■ **Action item**
Only the pictures are to be dropped; the rest of the data below is to be duplicated exactly.

■ **Supplied information**
◆ ◆ ◆ ◆
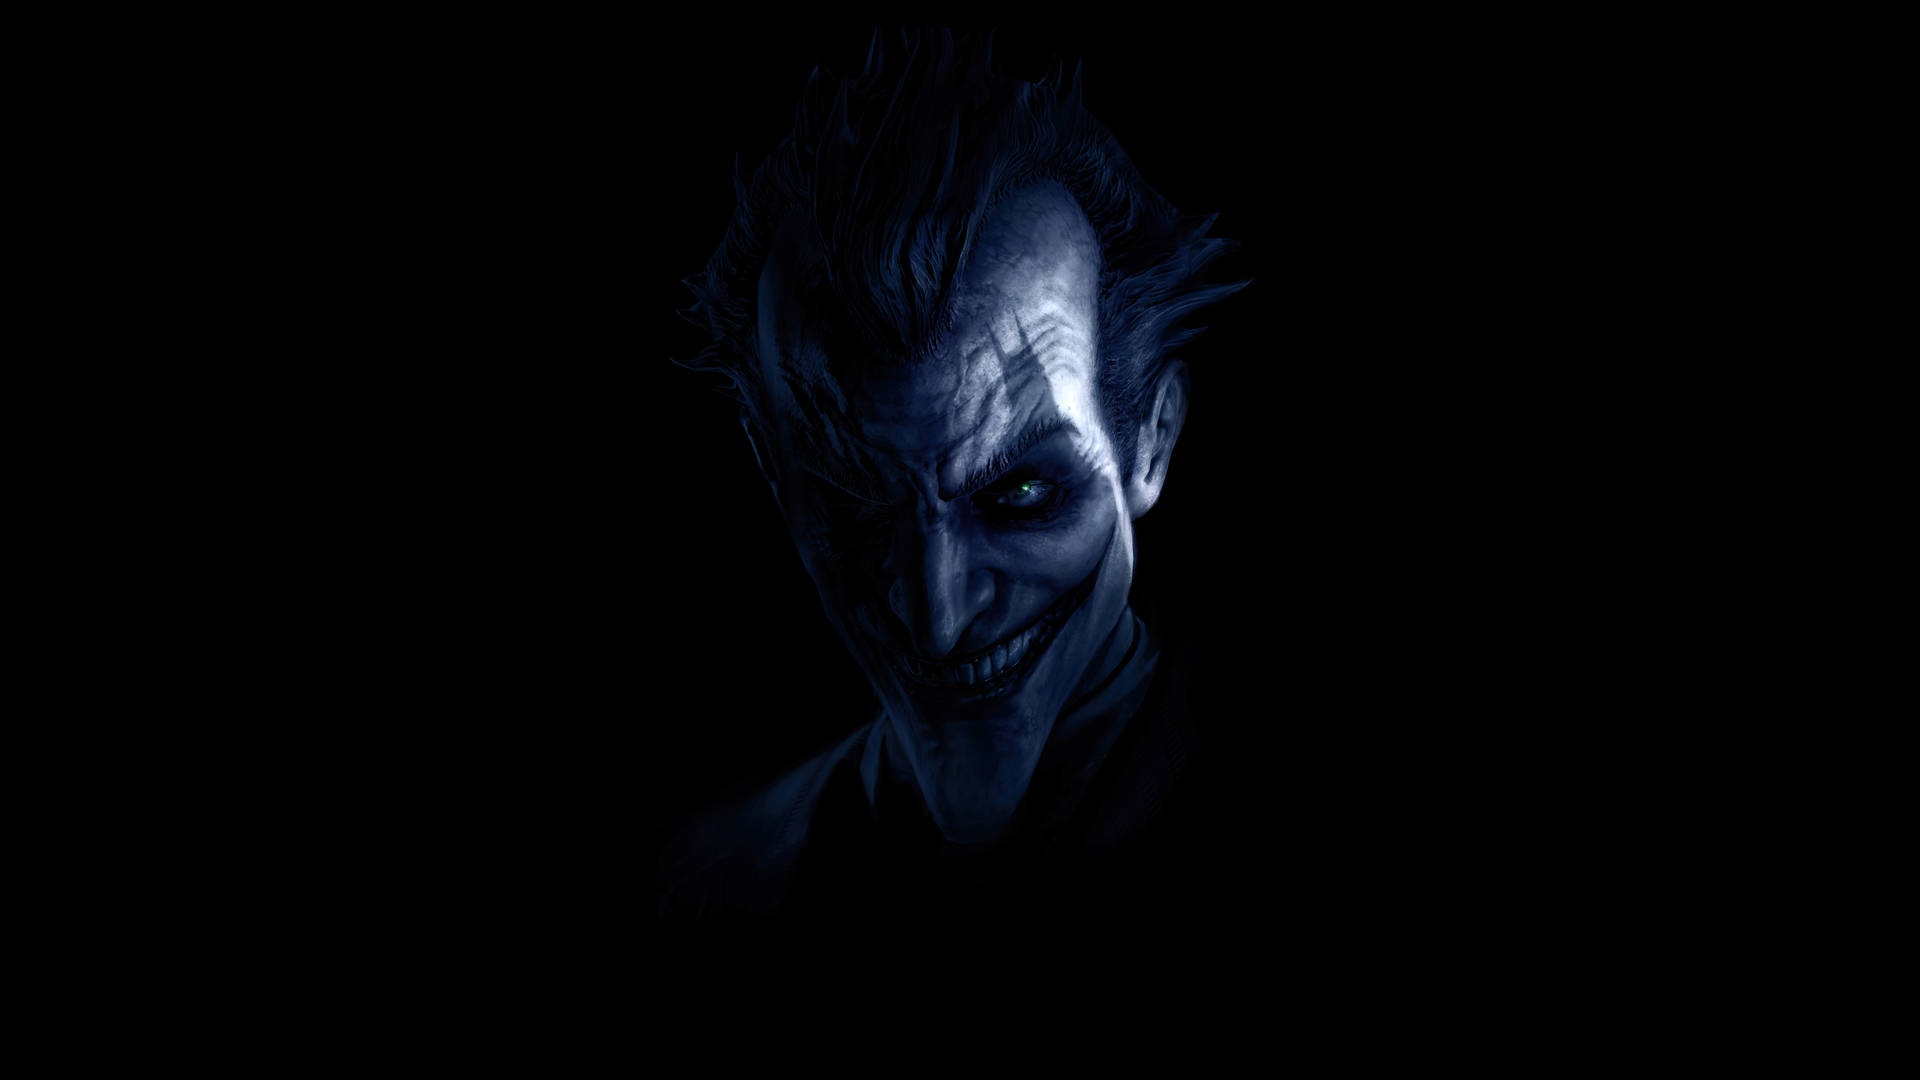 Sinister Black Ultra Hd Joker Smiling Background
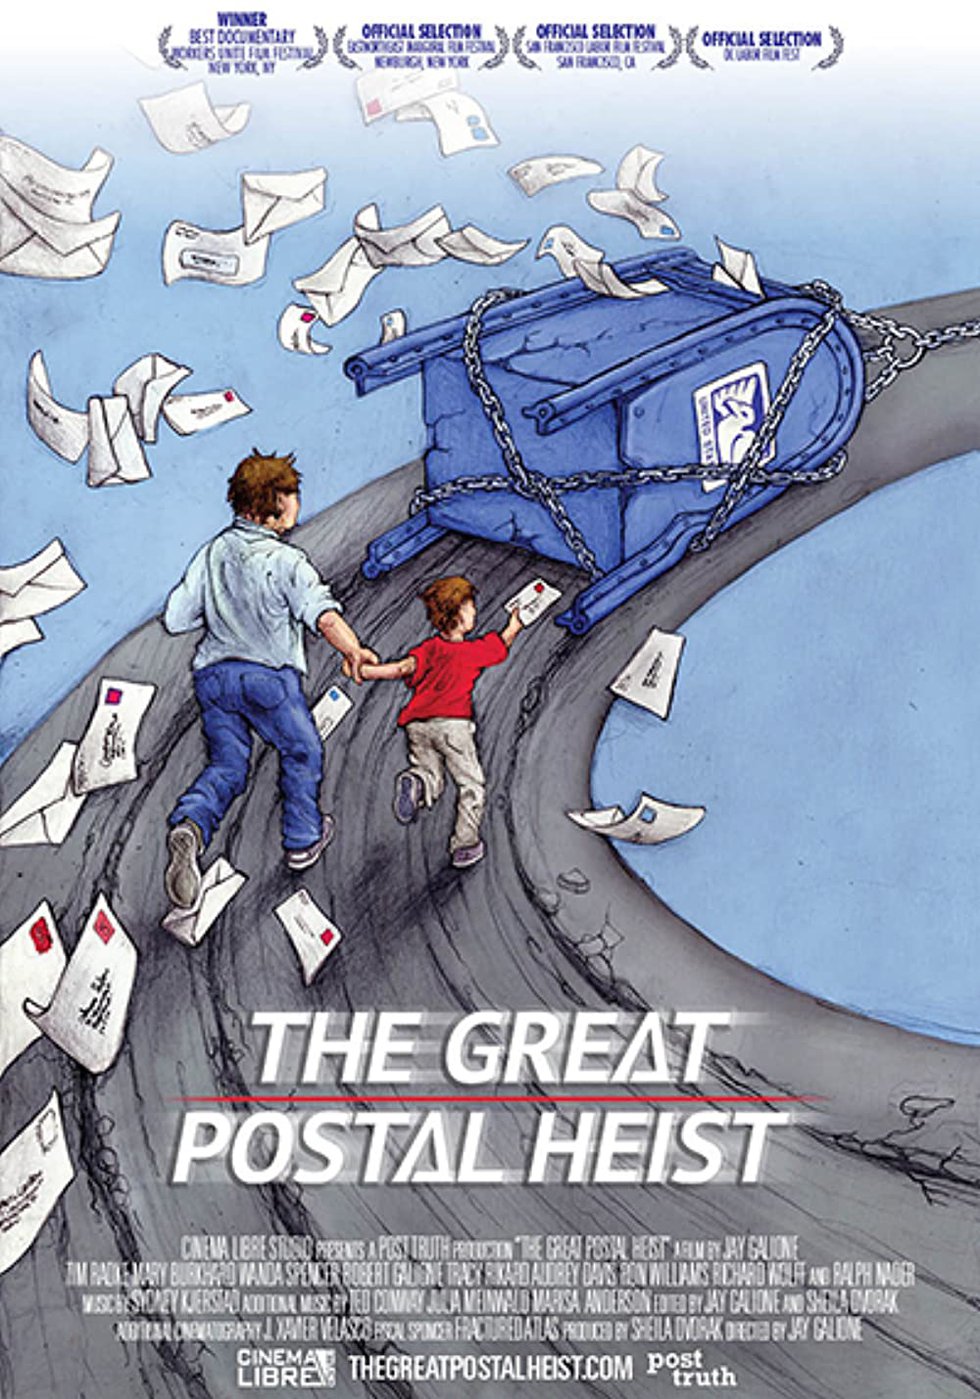 The Great Postal Heist Documentary.jpg
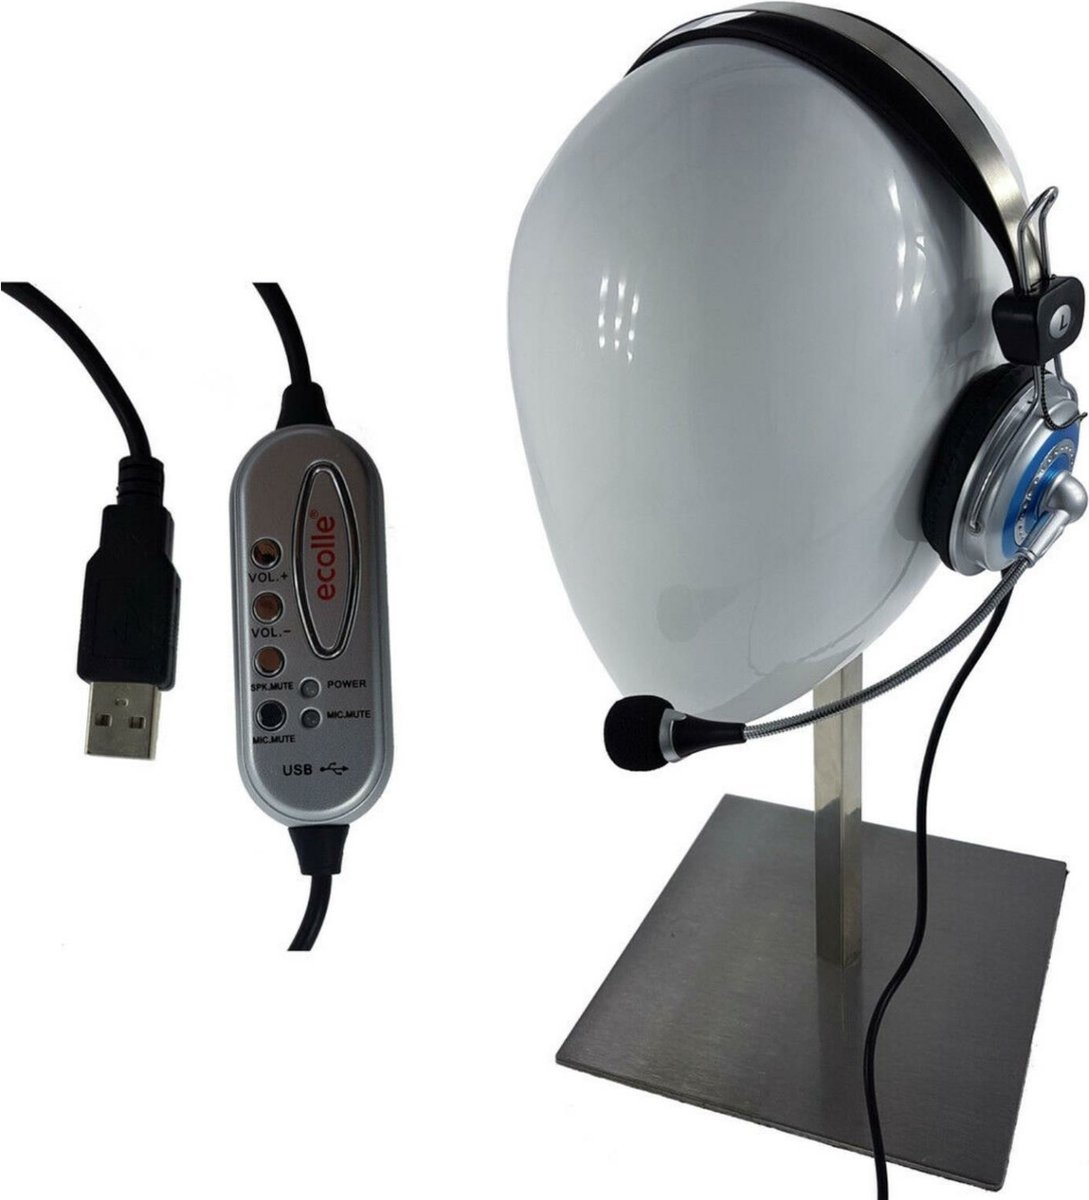 Ecolle - Bedrade stereo USB-headset voor callcenters
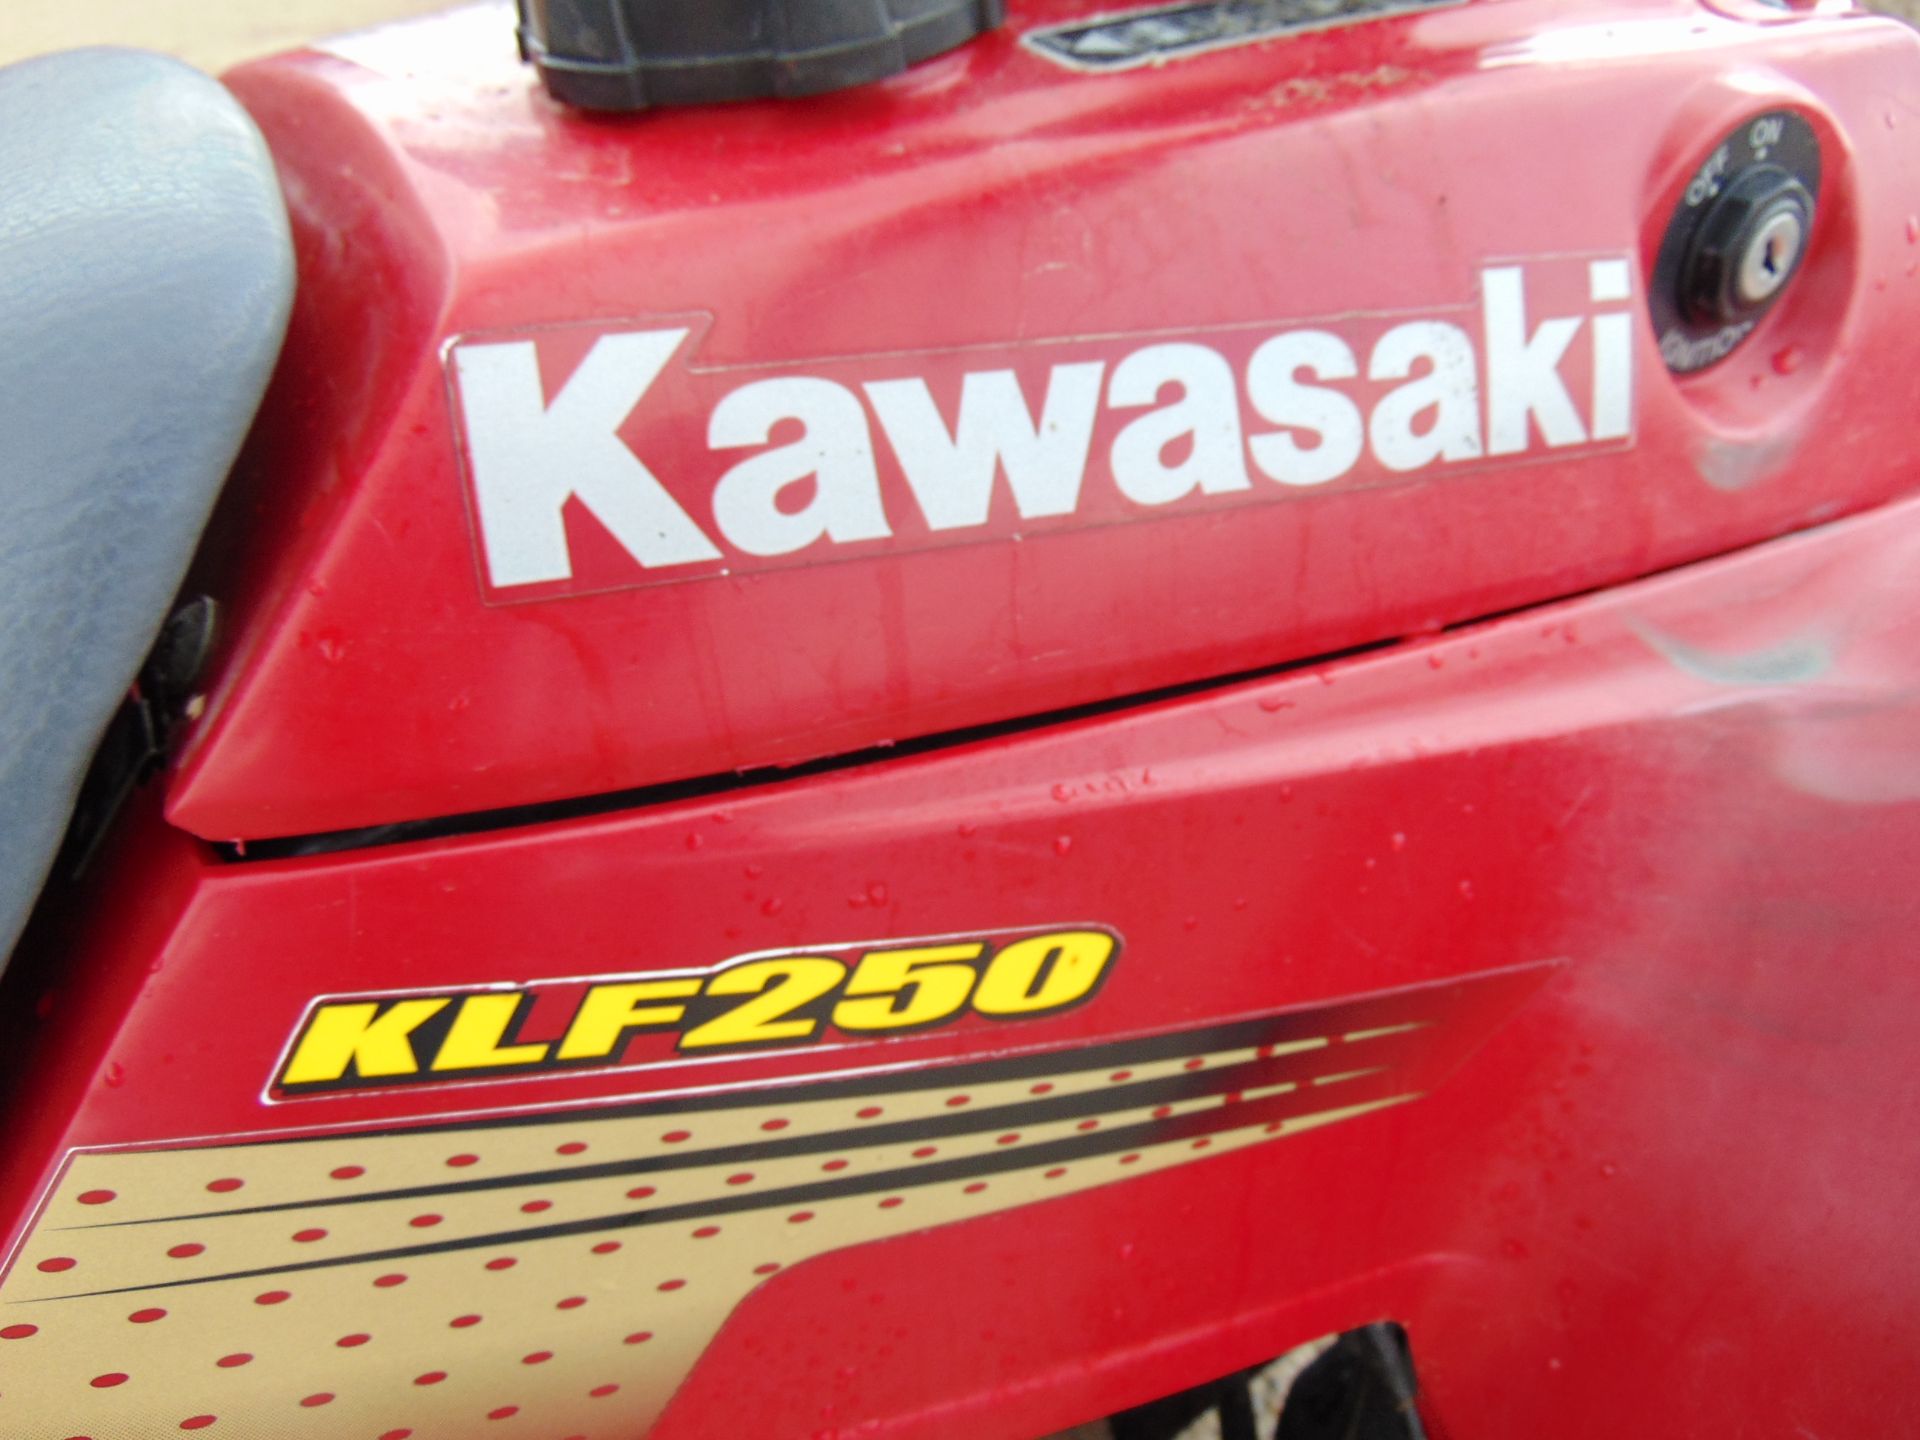 Kawasaki KLF250 Quad Bike - Image 12 of 12
◆ ◆ ◆ ◆
■ **The completed task**
 Sinister Black Ultra Hd Joker Smiling Background
 The Great Postal Heist Documentary.jpg
 Ecolle - Bedrade stereo USB-headset voor callcenters
 Kawasaki KLF250 Quad Bike - Image 12 of 12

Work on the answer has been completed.